It has been such a luxury having Stacy documenting our past two months here in Vietnam on this blog. When I get emails from friends around the world asking how things are going over here, I usually say something like: “it’s great…here is a link to Stacy’s blog to read more.” I hope she continues it once we get home so when people ask me how things are going in Cleveland, I can also just refer them to Stacy’s blog. Very efficient.
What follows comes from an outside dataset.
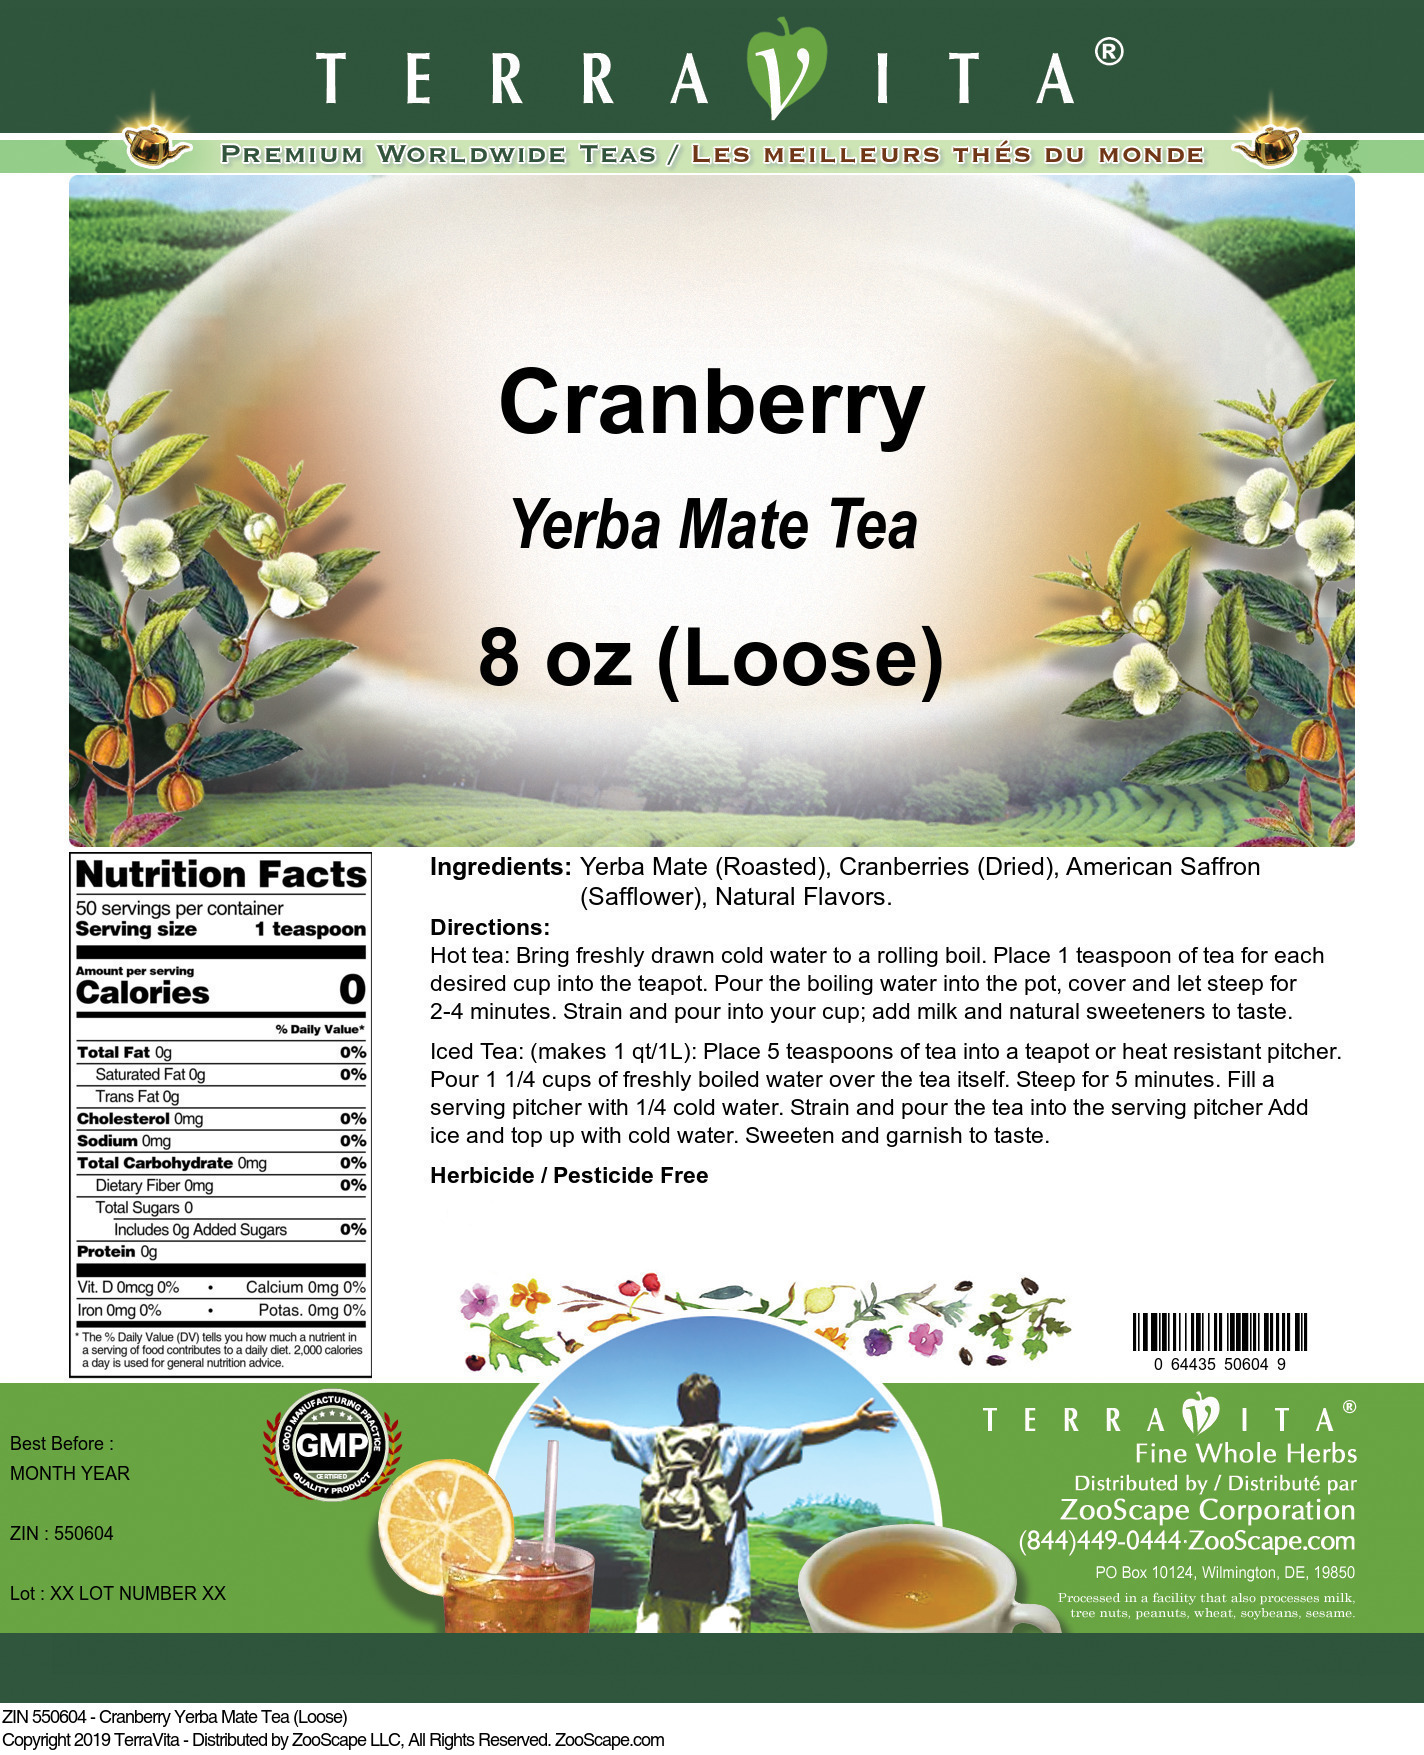 Cranberry Yerba Mate Tea (Loose) - Label

Since unfortunately Stacy is not accompanying me to my job teaching entrepreneurship at the National Economics University, the time has come for me to add something to this blog. I received a Fulbright fellowship to teach this semester at the National Economics University (NEU), one of the leading universities in economics, management and business in Vietnam. It has over 45,000 students across 45 graduate and undergraduate academic programs. I am primarily working in the NEU Business School with students in the Bachelor of Business Administration in English (EBBA) program although I am also doing occasional lecturing in other departments such as International School of Management and Economics (ISME).
I am “team teaching” a course in the EBBA program called “Entrepreneurship and New Venture Creation” to 50 Vietnamese undergraduates in their third year of the program. The other lecturer for the course, Ha Tung, is a MBA graduate of Washington State University and has been a great partner in delivering a course that looks comparatively at starting businesses and raising investment capital in Vietnam and abroad.
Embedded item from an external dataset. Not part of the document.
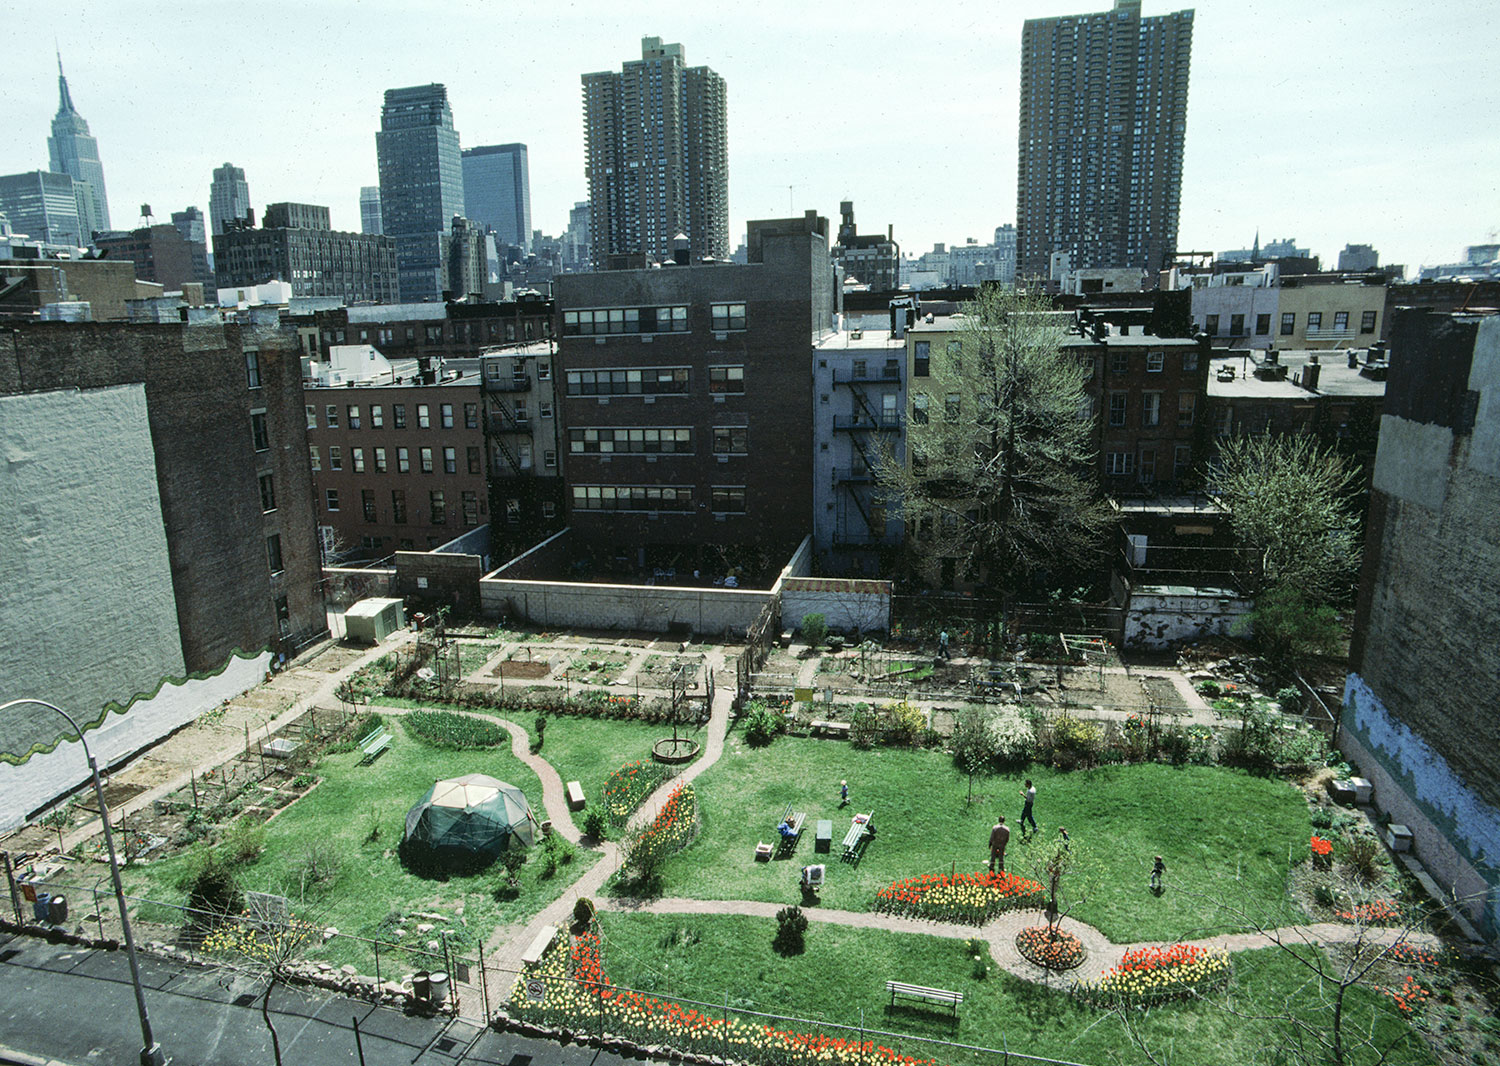 Clinton Community Garden in 1984

We have had some excellent guest speakers in the class including Do Tuan Anh, CEO of Appstore.vn, Simon Andrews, IFC Regional Manager, Duc Tran, General Partner, IDG Vietnam Ventures and Ryan Galloway, Vice President, Strategy, MobiVi. Most of the speakers have come to our class in person although we have also used Skype to have conversations with business leaders outside of the region. In the picture below, you can see Ryan Galloway’s face on my laptop as he joined us by Skype from Ho Chi Minh City (HCMC) for the class (and our projector was not working in class that day). Ryan, an American living in HCMC, was a former student of mine at Case Western Reserve where he completed his law degree last year.
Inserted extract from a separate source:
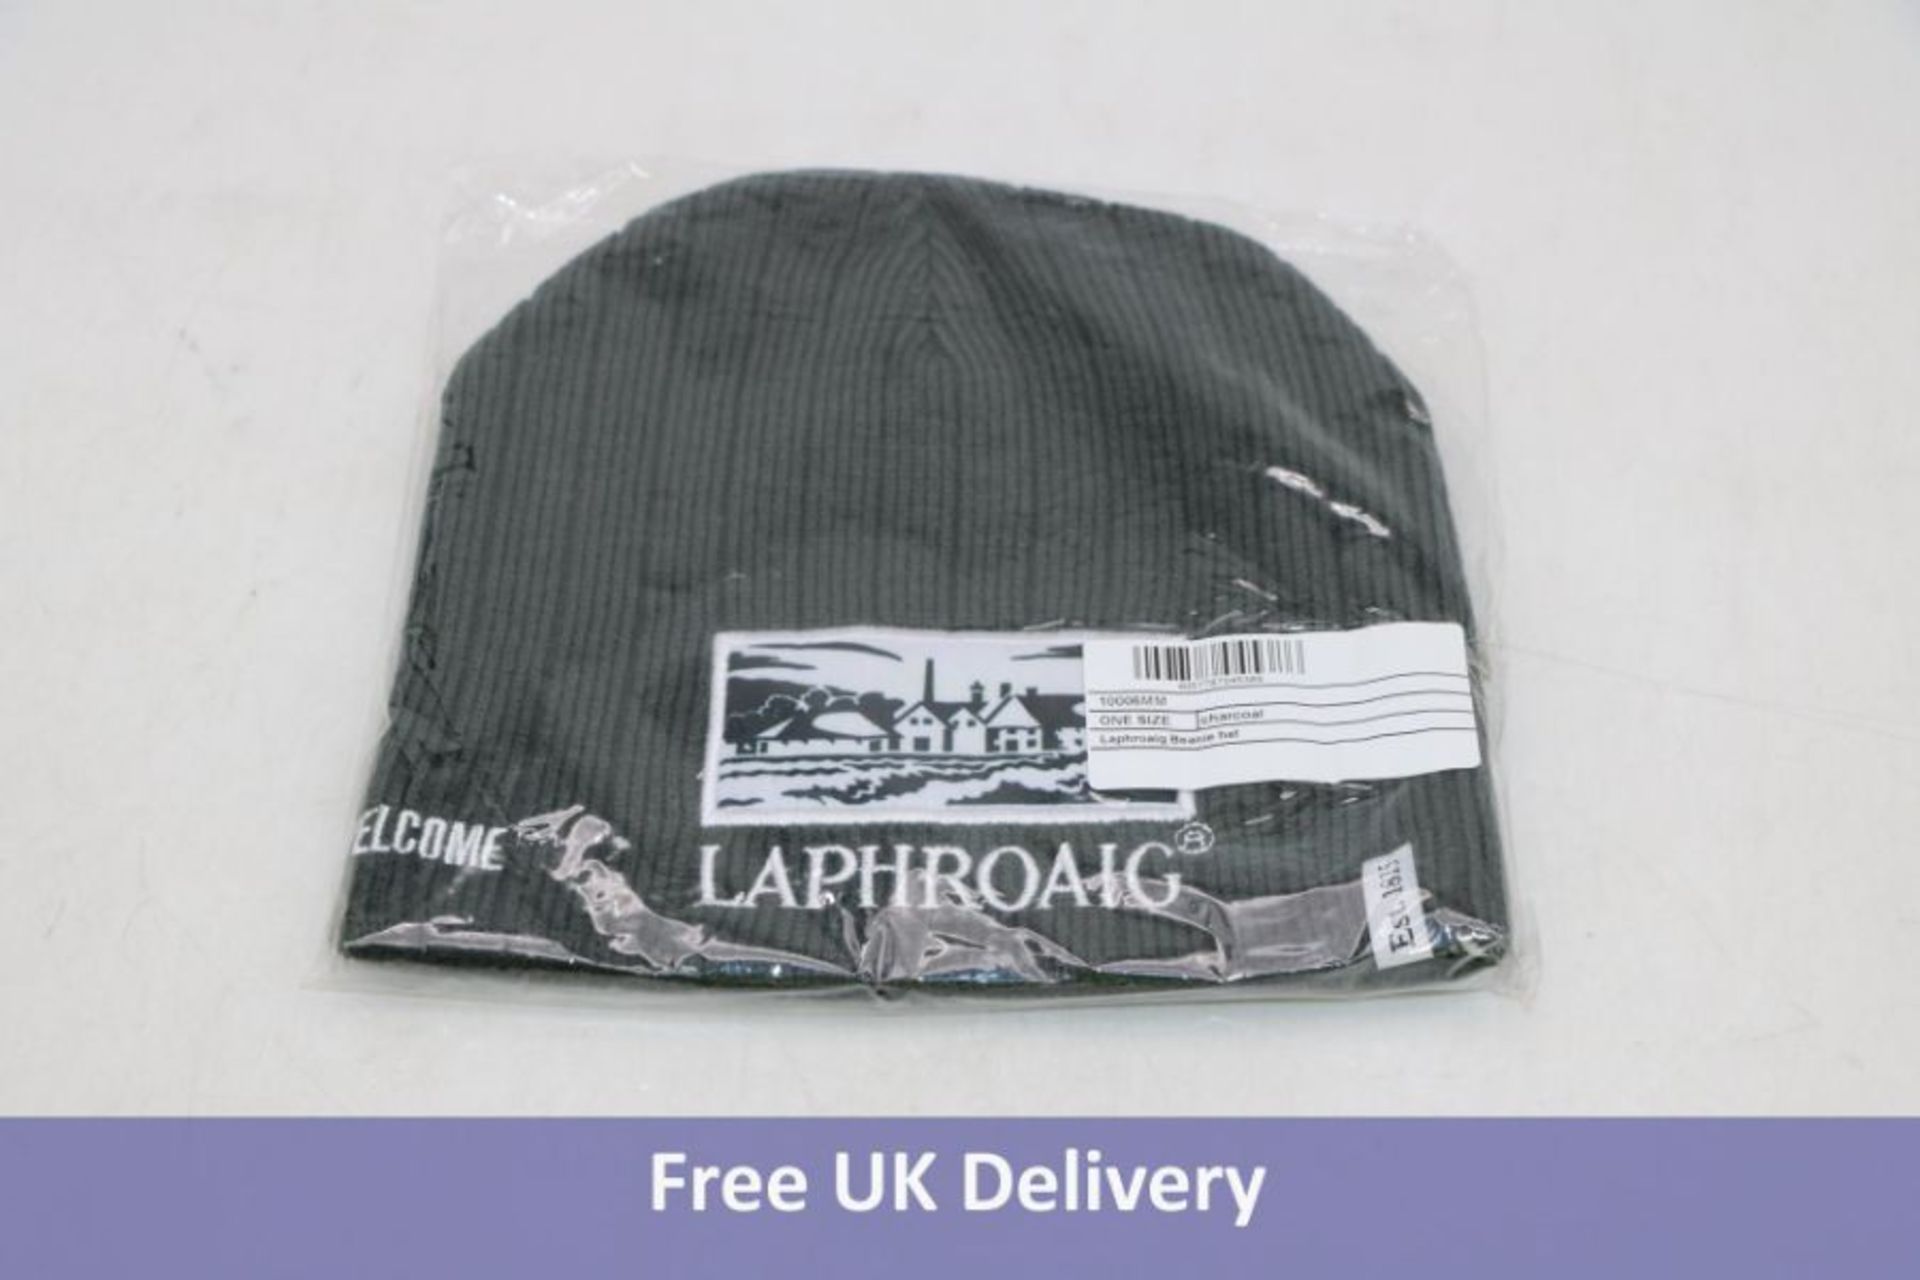 Ten Laphroaig Reversible Beanie Hats, Dark Grey/White

In addition to my teaching at NEU, I have met with a number of people involved in supporting the entrepreneurial ecosystem in Vietnam, including venture capitalists, leading entrepreneurs, directors of incubators and government officials. I was honored to be asked to speak at the Workshop on Technology Incubation hosted by the Ministry of Science and Technology (MOST) several weeks ago. My remarks focused on the fact that I found Vietnam to be one of the most entrepreneurial countries I have ever been to, evidenced by the fact that there are local entrepreneurs selling things here on every street corner. In order to continue to encourage the growth of Vietnamese start-up companies, the ecosystem here needs to continue to find ways to provide financing to these companies including the active participation of local angel investors. The photos below are from MOST workshop.
I also participated as a mentor in a course for entrepreneurs in Hanoi run by the Founder Institute. Founder Institute is a global network of startups and mentors that help entrepreneurs launch meaningful and enduring technology companies. I participated in a Founder Institute session with representatives from IDG Vietnam Ventures and DFJ VinaCapital on fundraising.
I have also spent time in Hanoi connecting with the international community here to learn more about the various donor efforts to support the growth of Vietnamese small and medium sized enterprises in general, and entrepreneurship in particular. In addition to the friendships I have made with local diplomats in Hanoi, I also reconnected with a college friend who came to Hanoi earlier this month in his capacity as one of the top US trade negotiators. Ambassador Demetrios Marantis is the Deputy United States Trade Representative who lived in Hanoi earlier in his career (and was incredibly helpful in introducing us to many of his friends and contacts here before we arrived).